The future of Afghanistan is at an inflection point – Afghans on different sides of the conflict whether as fighters or negotiators – should reflect carefully on their next steps. The history of failed attempts to reconcile differences does not predict the future. But it does provide a sobering portrait of the consequences of failure. The paper, based on research and interviews with actors from all sides involved in failed negotiations in the 1980s and 1990s, sheds light on the causes of these failures.
While the paper makes clear the crippling and disingenuous role of external actors – in neighbouring nations and among other international powers – at the heart of these failures has been the inability of Afghans to compromise. Absolutist positions, winner takes all, my group/party/movement/family gets the spoils while others must fend for themselves. Afghan political leaders have been unable to find solutions for all those who call Afghanistan home.

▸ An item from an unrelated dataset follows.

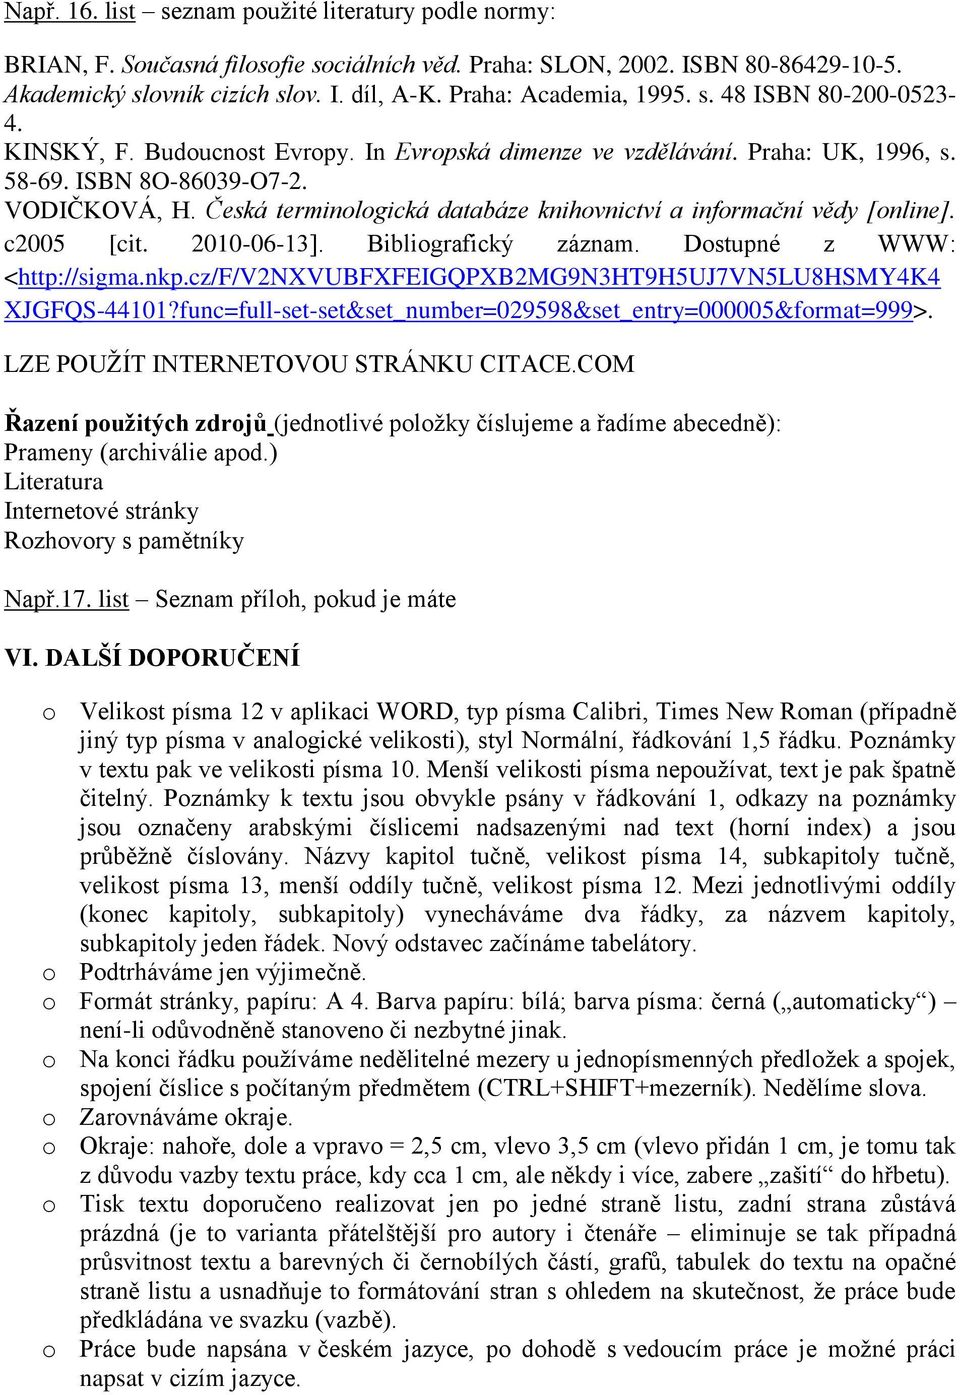 Česká terminologická databáze knihovnictví a informační vědy [online]. c2005 [cit. 2010-06-13]. Bibliografický záznam. Dostupné z WWW: <http://sigma.nkp.

The rhetoric of victory we are now hearing from one side is intended to produce an echo of defeat from the other. But victory for who? If the history recorded in the attached paper has any lesson it is that a victory for some will bring defeat for all. Will this “victory” return Afghanistan to the wasteland of the late 1990s?
It is true that Afghans in previous negotiations have not failed all on their own. Their failure has been fuelled by external powers. So the need for careful reflection applies equally to Afghanistan’s neighbours and the wider international community. Is an Afghanistan at peace, one that provides healthy livelihoods for all Afghans, one that contributes to the prosperity of the Heart of Asia region, a goal they share?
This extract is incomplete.